Leading Off: #100 … And Counting
By Robert Hanashiro, Sports Shooter

Photo by Robert Hanashiro / Fresno Guide

Photo by Robert Hanashiro / Fresno Guide

Fresno City College soccer shot in 1978 with a 500mm f/8 mirror lens.
Love what you do.
Do What you love.

Ray Bradbury
April 15, 2007

I've been doing this for a long time.

No … not the Sports Shooter Newsletter. Photography.

I remember at my first job at the old Fresno Guide, a five-day-a-week alternative newspaper where I was the "kid" on the staff. Now mind you, The Guide had a staff of a bunch of young, recent journalism grads, but at 21 I was still out of my league.

The year was 1977.

I learned more in the two years I worked there … starting at $200 a week … than anywhere else. Like a lot of small newspapers in towns with a dominant competitor (for us the Fresno Bee) the Fresno Guide was always on the verge of collapse. Redesigns. Reductions. Redirection. Retrenching. They were all things that were part of the job. At one time to make room on the staff for my buddy Barry Wong … who was a MUCH better photographer than me … I moved to the sports department.

We shot four or five assignments a day, sometimes six. Rushing around from press conference to press conference. Business page headshots at noon to afternoon soccer games at Fresno City College. At nights, it was prep sports.

Then back to the lab to soup the our film … I can still remember the smell of old D-76, Acufine and fixer to this day (and have the stained T-shirts as proof!) … and crank out prints on an Ektamatic processor.

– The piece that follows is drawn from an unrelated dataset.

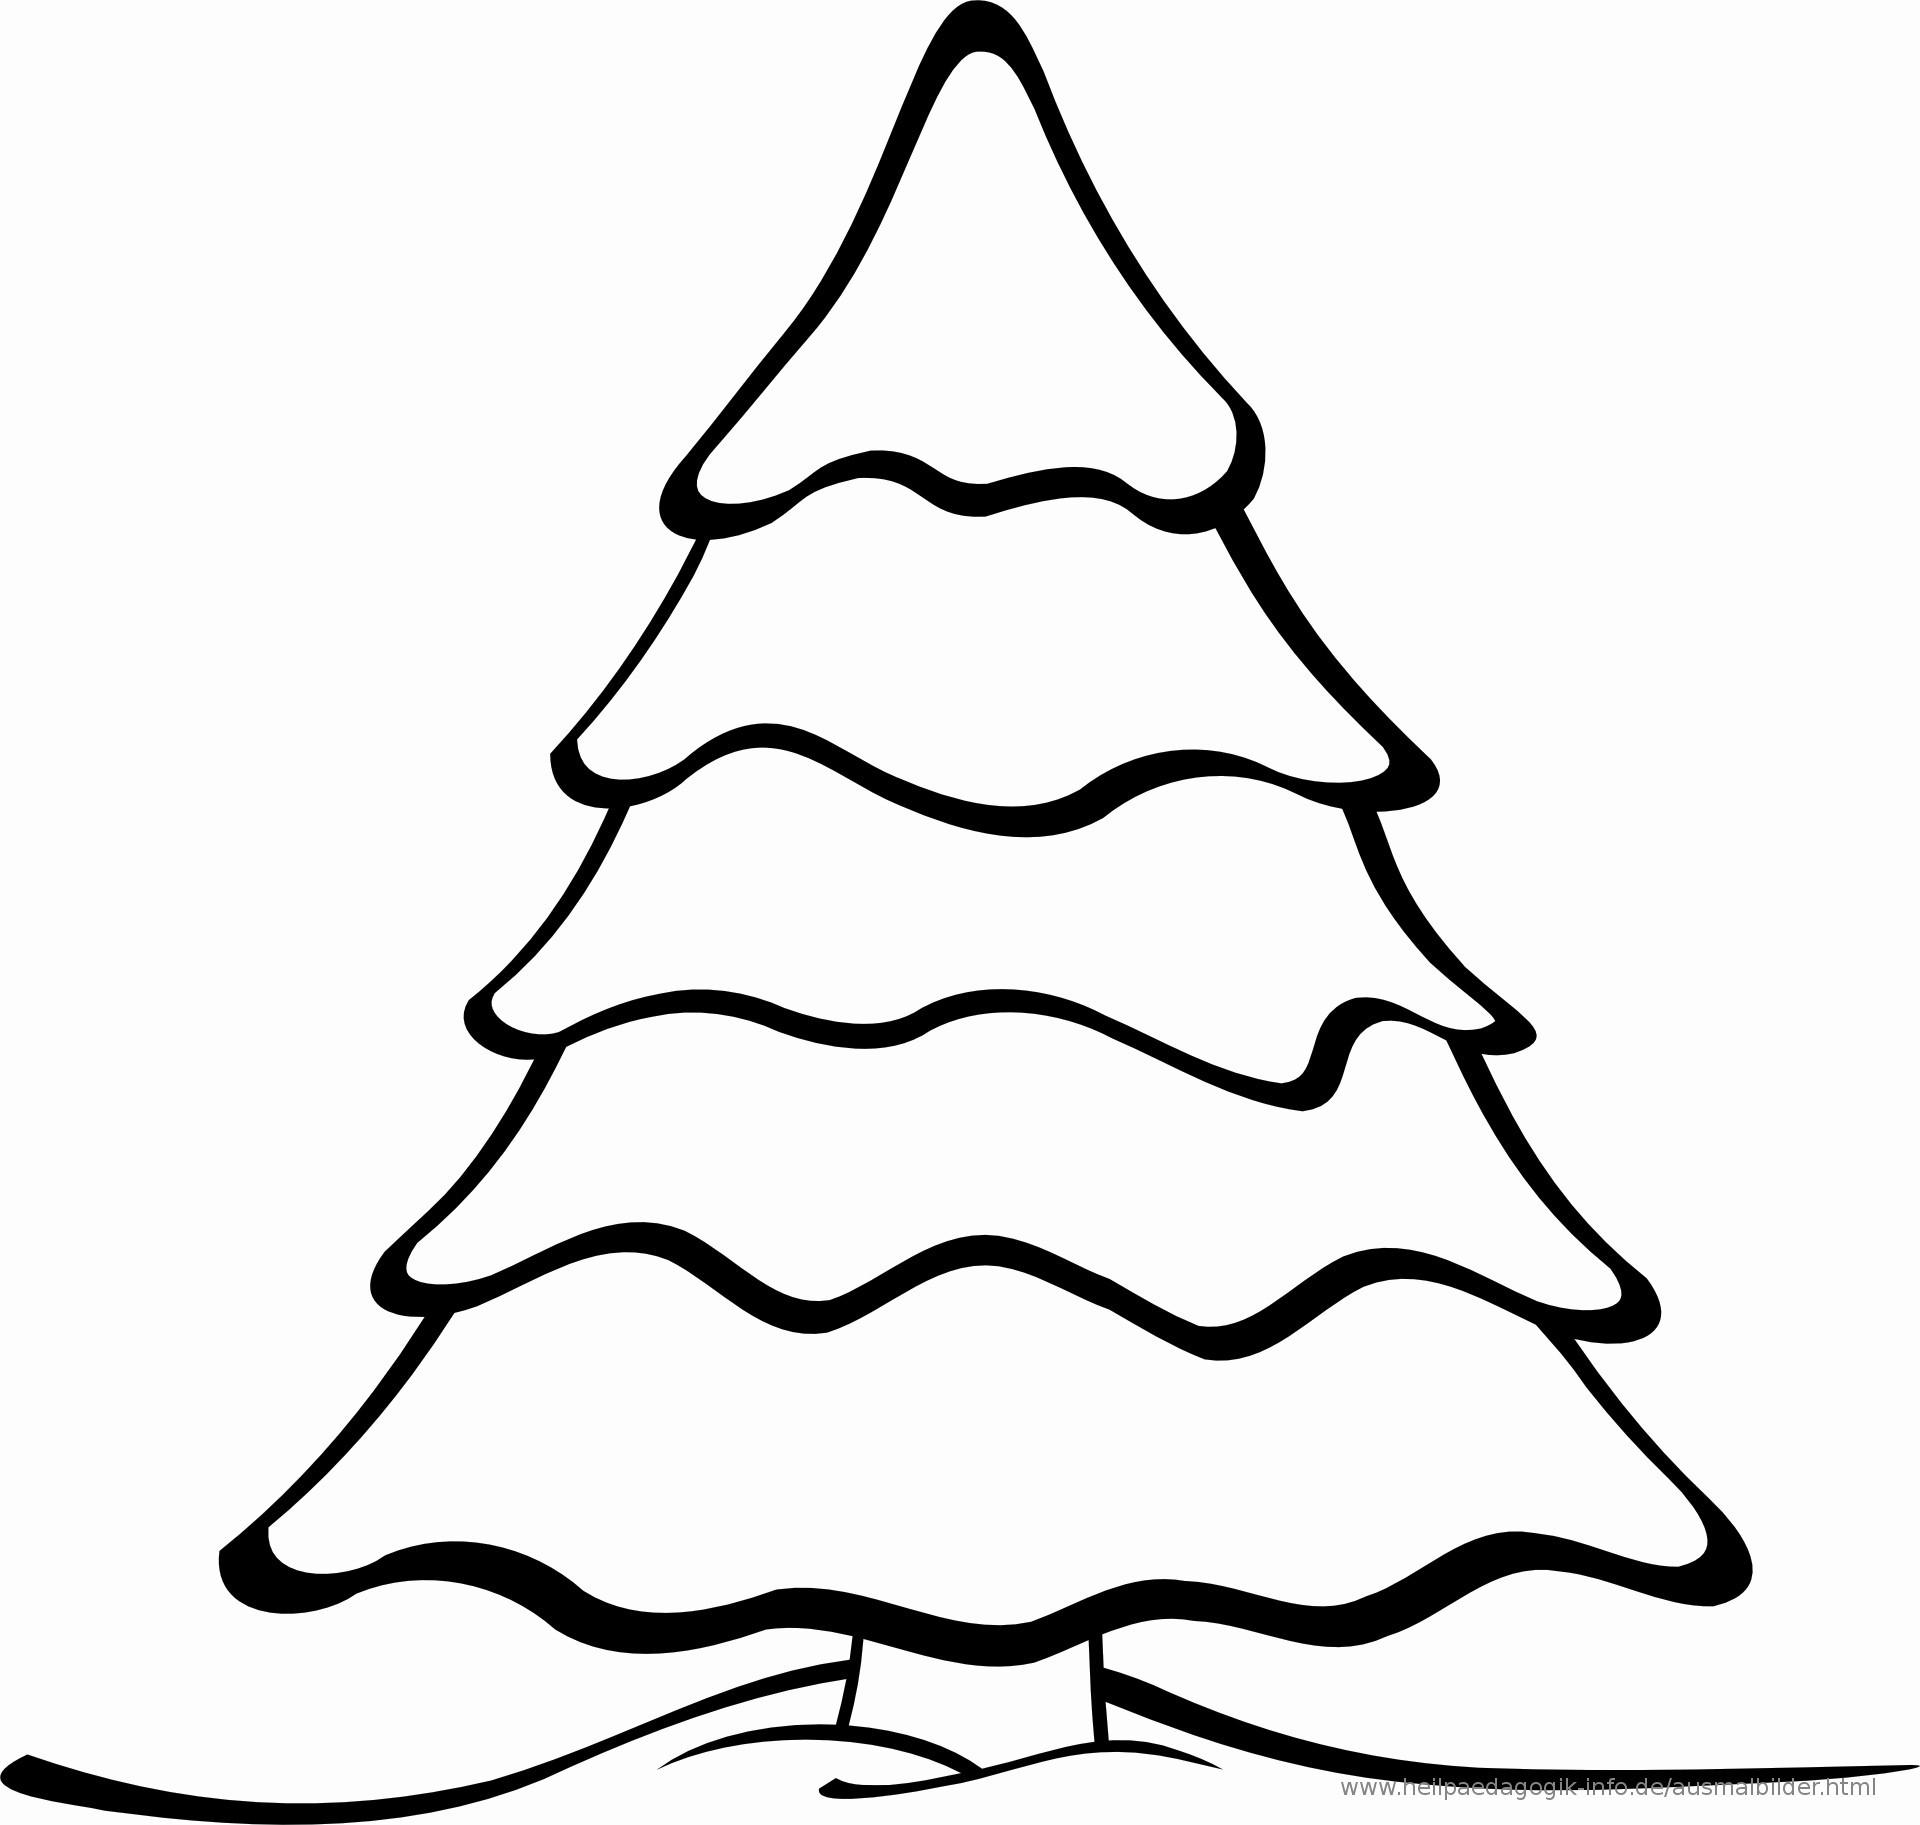 Ausmalbilder Weihnachten Ausdrucken Inspirierend Tannenbaum Ausmalbild Einzigartig Malvorlagen Tannenbaum Das Bild

I worked 12 hours a day. Six days a week. Minimum.

Even though I was majoring in journalism and had been taking photos since high school, The Guide is where I fell in love with photography.

We survived on the $3.99 daily specials at the old Eagle Café down the street from the office (pork chops smothered in brown gravy with lumpy mashed potatoes) or the Victory Café in Chinatown (Wednesdays was short ribs and two scoops of rice!). I drove a black Pinto hatchback that had tape over the odometer … take a guess why.

I used a Nikon F2 with a motordrive that I had to pay for in installments at a very cool local camera store, Photo Synthesis. I shot sports with a Nikon 500mm mirror lens (f/8!!!), a 300mm 4.5 and a 180mm 2.8.

And this is where I developed what is now a long-lost art: Follow Focus.

After two glorious years at The Guide … which by this time had changed its name to the Fresno County Reporter … I graduated to the Visalia Times-Delta to become its chief photographer. For $235 a week. (I actually took a pay cut to take the job, I was making $248 at The Guide when I left.)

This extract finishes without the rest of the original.